Call for ideas: Why the humanities and sciences protect our values

As you all know, the sciences and humanities are targeted on many levels. We’ve all seen budget cuts happening, for more or less comprehensible reasons. By now we’re used to that, and the more cynical sides of our souls will quickly admit that at least many of the humanities are not much of an asset to the average tax payer. So far, this made for nasty ways of playing off the sciences and humanities against one another. But now the sciences are explicitly targeted, too, for example by people doubting climate sciences or the standards of vaccination. Over the last two weeks, I got a ‘live’ glimpse of the way in which right-wing politicians mobilise people against universities. Of course, we have seen this happening everywhere: prominently in the US and in Hungary for instance. Nevertheless, being exposed to the tactics in my academic home country, the Netherlands, made me realise just how powerful the narratives against us are. This phenomenon is not going to go away by itself. Thus, I think we – people working in the sciences and especially in the humanities – need a positive narrative about why academic work matters and a more concerted way of communicating this. By now, I’ve seen a number of petitions and open letters going … nowhere. Part of the problem is that we’re not only targeted from the outside, but also, mostly inadvertently, internally. In the light of the current threats and the way that universities are structured, the common ways of defending ourselves do not work. Therefore, I would like to launch this call for ideas.

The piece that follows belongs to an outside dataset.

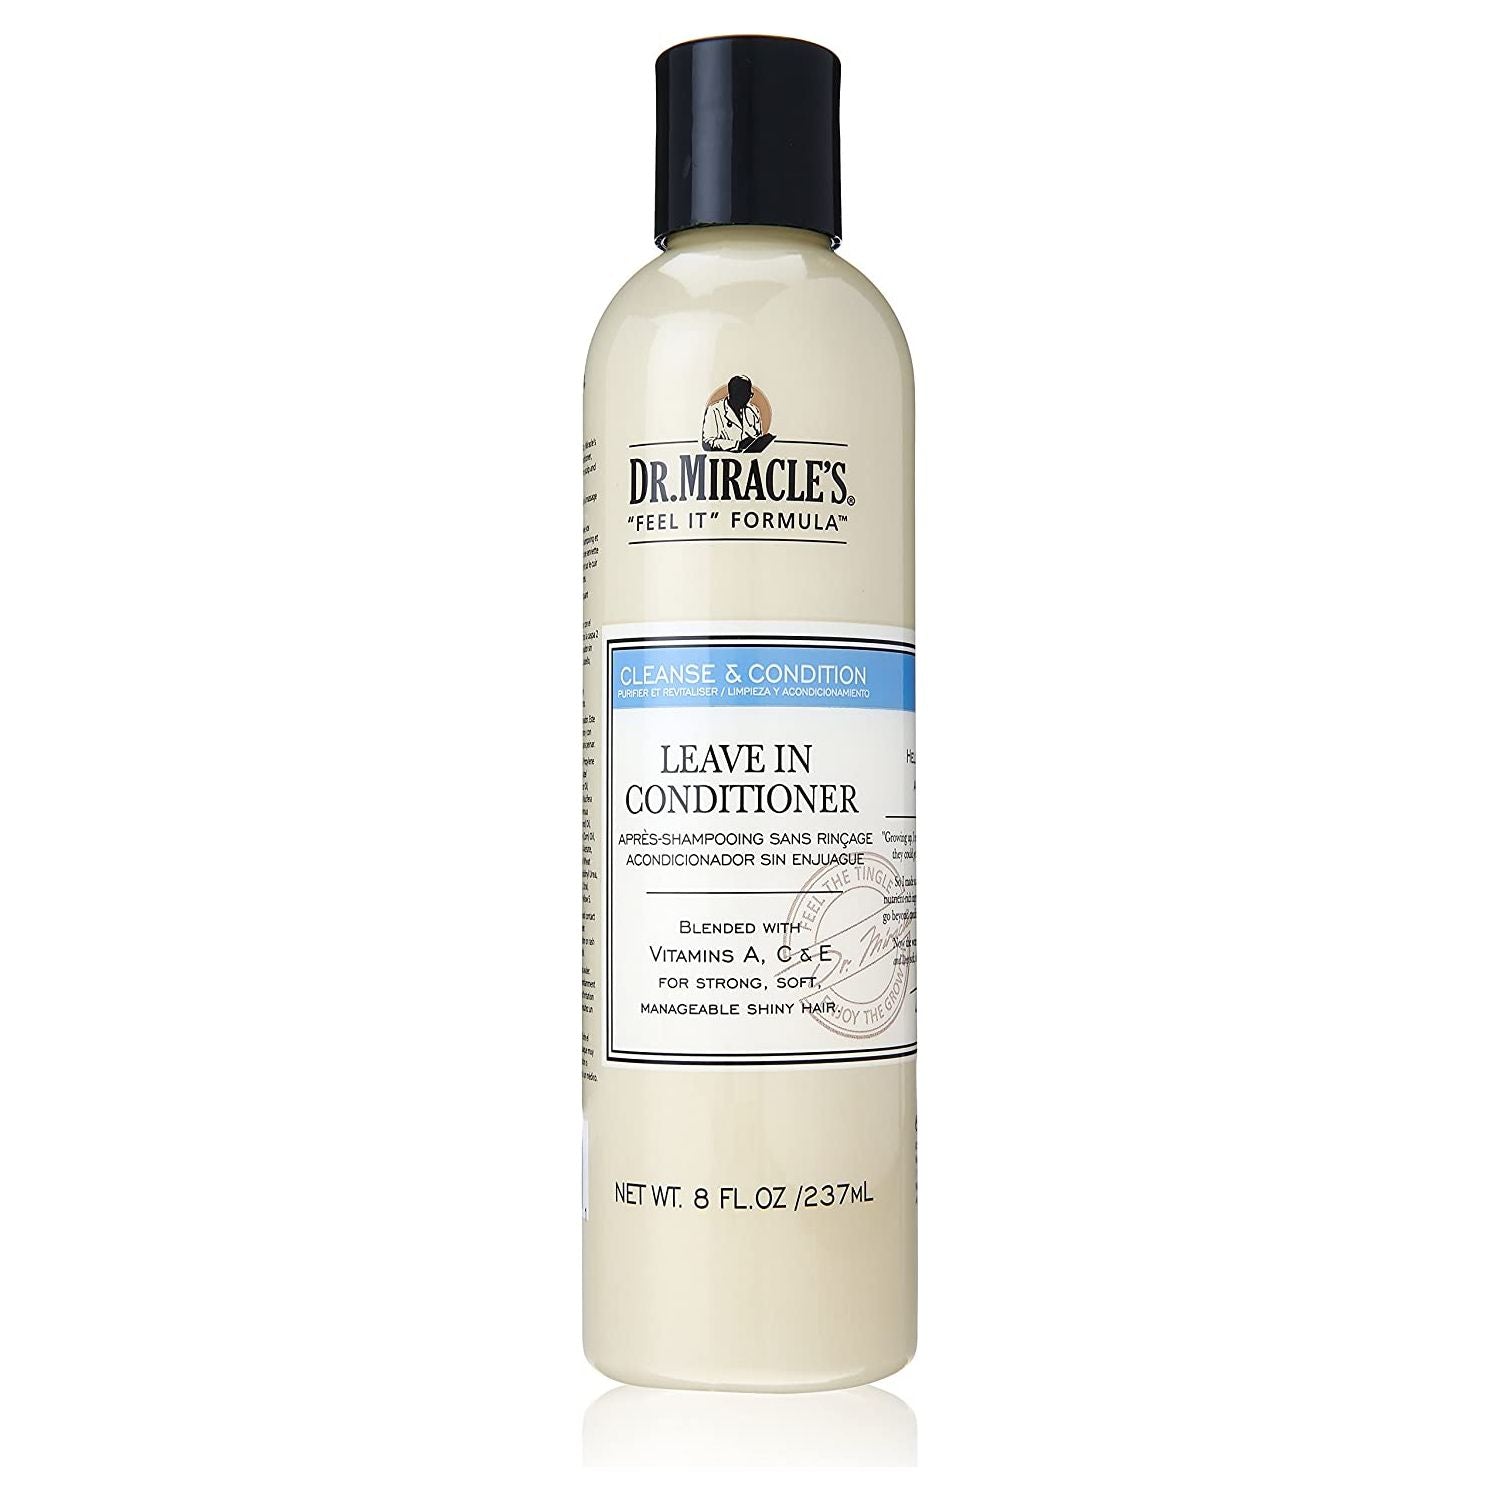 DR. MIRACLES LEAVE-IN COND 8oz

Yes, it’s really bad. – We all know that academia is under threat in many ways. Up till recently, that is, perhaps up till ten years ago (perhaps shortly after the financial crisis), these threats have been generally justified with economic arguments: We need to shut down philosophy, languages and cultural studies because otherwise we can’t finance cancer research and the military – or some such line of reasoning that would convince at least some of us. But now the tune has changed. The narrative that I encountered in the Netherlands and elsewhere is running under the heading of cultural marxism (in the sense of a conspiracy theory): Whether you know it or not, if you are working in education or at a university you are willy-nilly part of a left-wing conspiracy that counters free speech and all sorts of other values. This accusation is of course nonsense. But the problem is that it is widely held and believed. Given that Mr Trump has already approved a policy targeting what are thought to be enemies of free speech, it won’t be long until we will see this in action as a more general means to “evaluate” studies and departments. These are the beginnings of a fairly new concerted set of actions against standards in (higher) education. But the new line of argument against academia is not that we’re just useless; it’s that we are inherently bad.

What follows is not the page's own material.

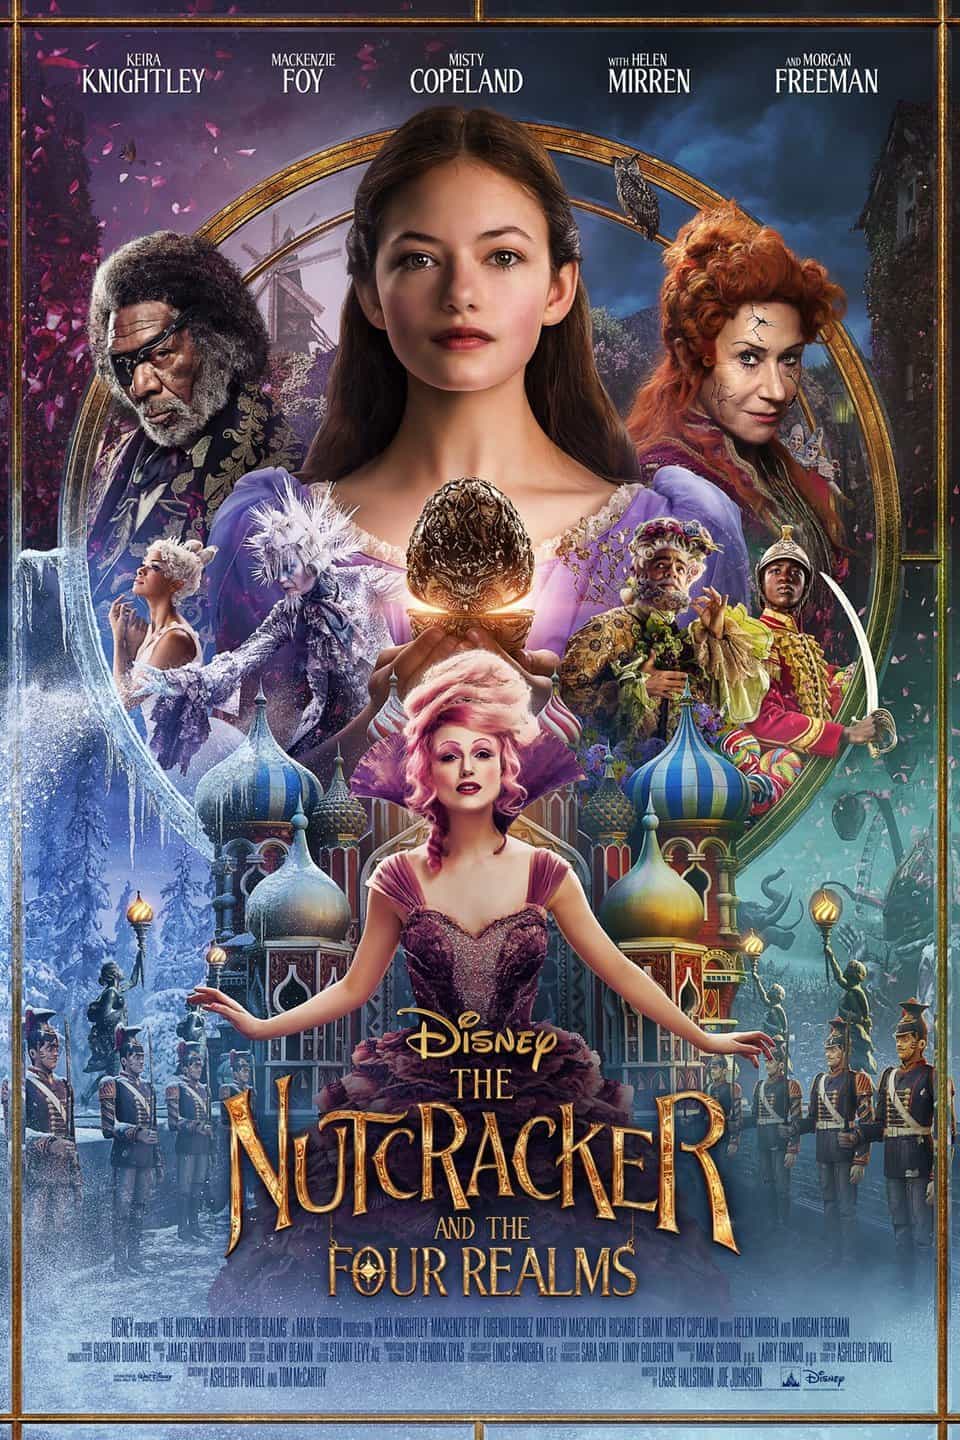 The Nutcracker And The Four Realms gets a PG rating in the UK for mild threat

What might stop us. – In many alt-right narratives, universities are portrayed as bulwarks of leftist indoctrination. So far the the response has been defensive: “Science has no agenda” etc. But instead of defending ourselves against outrageous claims, we need a comprehensible narrative of how academia contributes to the protection of democratic values, and we need ways of implementing this narrative. As it stands, the academic communities are defenceless against such doubts for three reasons: firstly, we represent a form of institutionalised doubting, as it were, and will respond with more doubting rather than reassurance; secondly, we are very bad at collective action and solidarity because we are incentivised to compete against one another wherever possible. Therefore, the principles of our work and the structure of our career paths make it very hard to respond even to common threats. A third reason might be that the narratives against academia have already gained too much power: The current way of playing off academics as right-wing versus left-wing or free-speech versus de-platformers, for instance, has gained so much force that even some of your colleagues might go along with it and see you (or you them) as a mere instance of left or right-wing activism. Academics are of course not immune to the effects of ideologies.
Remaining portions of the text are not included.